I am lucky enough to have lived most of my life in London and – as I’ve often said – am an over educated middle class ponce. I did not have to face the tough choices faced, for example, by the students I work with, many of whom are born into very deprived backgrounds. But I think it highly unlikely that I would have chosen a career where I would have had to work for free for an extended period. Like most young people I wanted my independence. I wanted to leave home. I wanted a paycheck.

I also doubt that my parents would have wanted to fund me for years on end in some kind of employment limbo. They would have thought it was ridiculous and would definitely have talked me out of it. They’d have told me to become an English teacher – I nearly did this aged 22 and now find myself doing exactly this in my 40s. A destiny I just couldn’t avoid….and I actually really enjoy it.

Which brings us to the concept of the funemployed. I heard about this concept the other day – it basically refers to young people that once might have been referred to as Trustafarians. Work is not really a major worry as they are bank rolled by family money. The funemployed are uber Trustafarians in that they are the children of parents so wealthy that they too have never worked – a kind of perverse mirror image of the generations of long-term unemployed so hated by the right wing press.

The funemployed are perfect intern material as they can dither about for years without having to worry about such sordid things as money.

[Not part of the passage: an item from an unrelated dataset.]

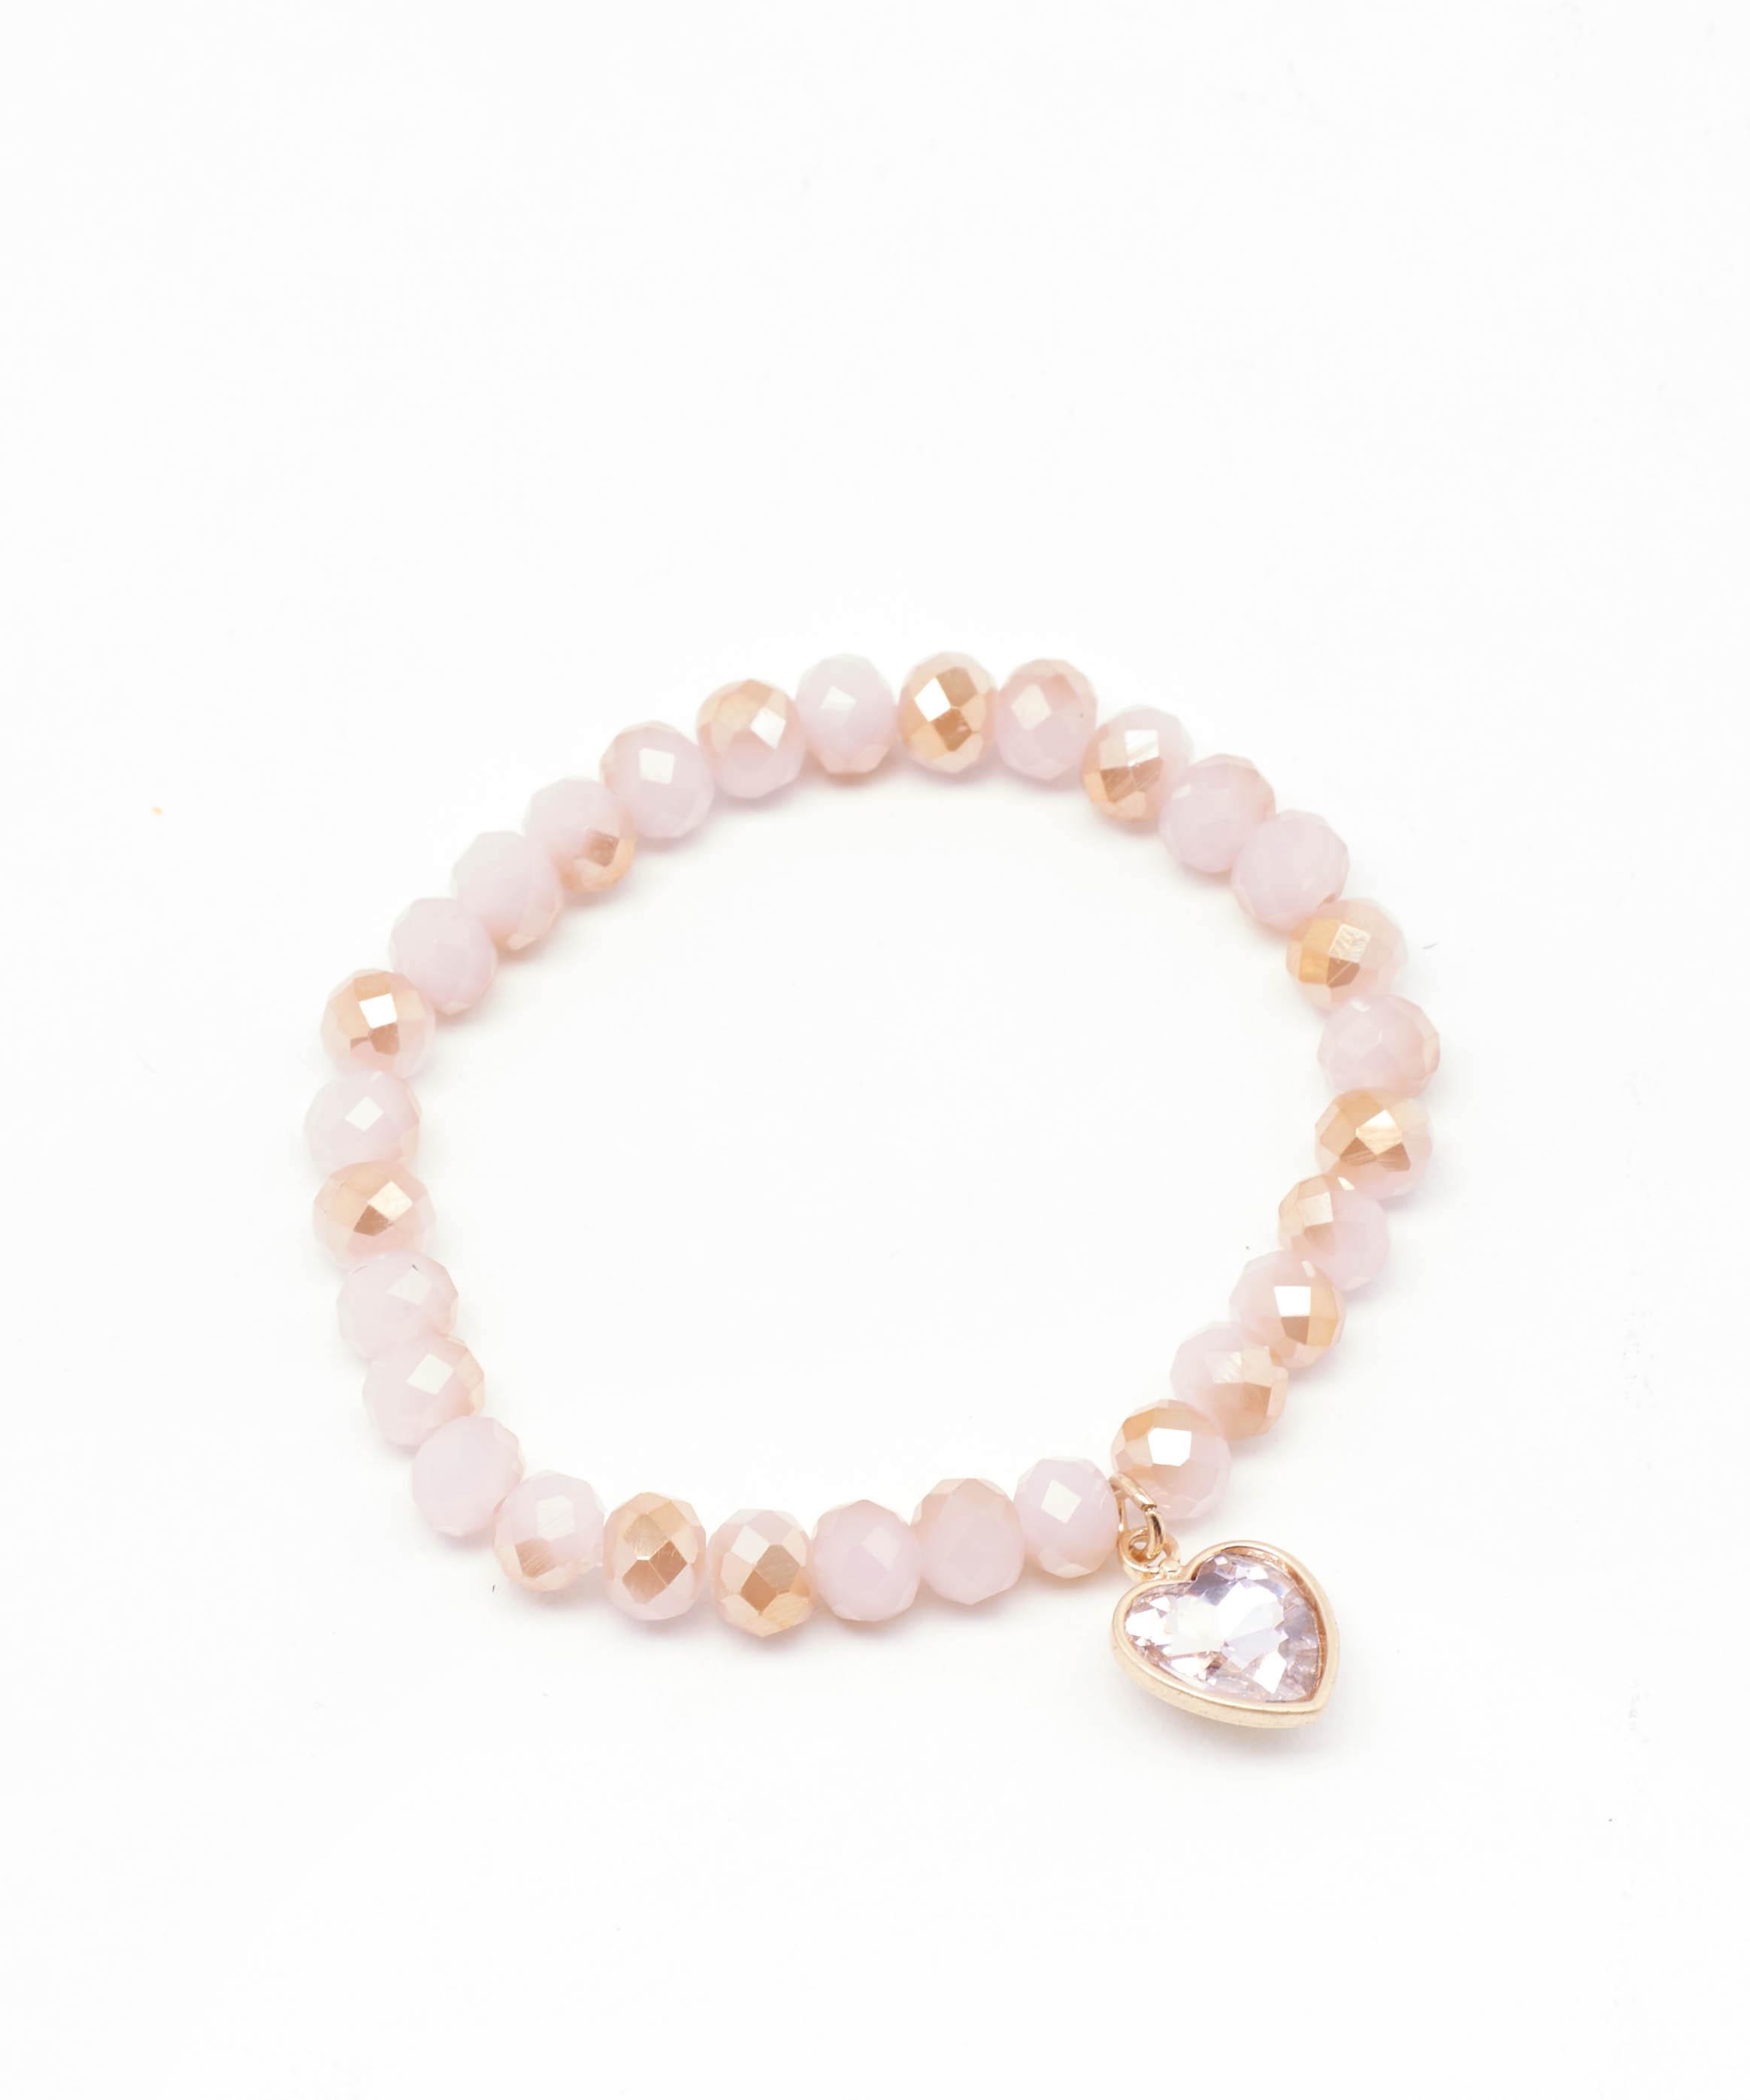 Bijoux Femme - Bracelet Rose Jina - Sl222-8202
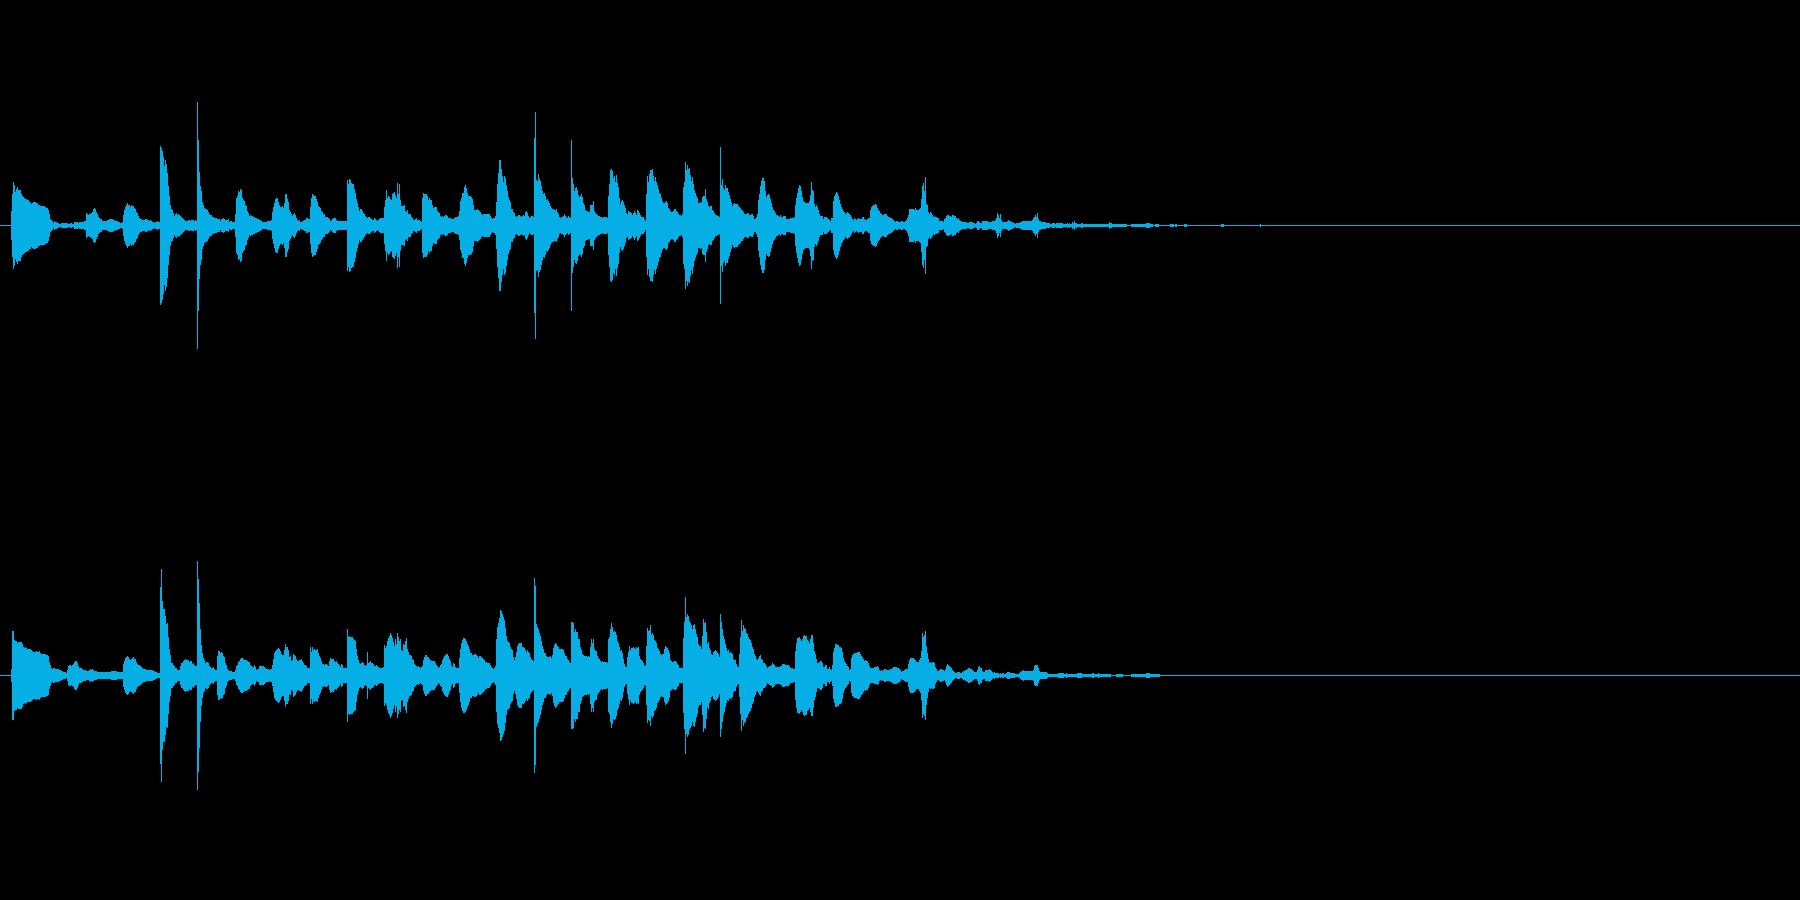 クリアで澄んだアラームの音の再生済みの波形

Some of them might be talented and creative – I’m not one of these simple minded lefties who thinks all rich or posh people are stupid – while others might amount to nothing. Some of them might go on to do great things. Because they have the time to make mistakes. It’s that obvious.

Some might wonder if this matters. Who cares if everyone who works in telly or newspapers is posh and rich? Who cares if only wealthy people go into politics? These are elite occupations and not appropriate careers for young people from the working or even the middle classes.

I think it matters a hell of a lot. The media shapes our perceptions and if all the people who work in media are rich, then their views are the only views that get a real airing. Even worse is the fact that increasingly only wealthy people are putting themselves forward for political careers – on both sides.

They are the only people who can afford the time to do unpaid internships working for MPs or work part time in order to devote themselves to local politics. Obviously there are exceptions – there will always be extraordinary people out there who buck the trend – but it concerns me that it’s getting harder and harder for most young people to escape either the corporate treadmill or an unsatisfying series of dull entry level jobs.

Obviously I’m an optimist and a dreamer and I know that what’s true today may not be true in five, ten or twenty years time. My own life time has seen extraordinary changes. But I do think our young people deserve a bit more of a chance. And not just those from the long term funemployed.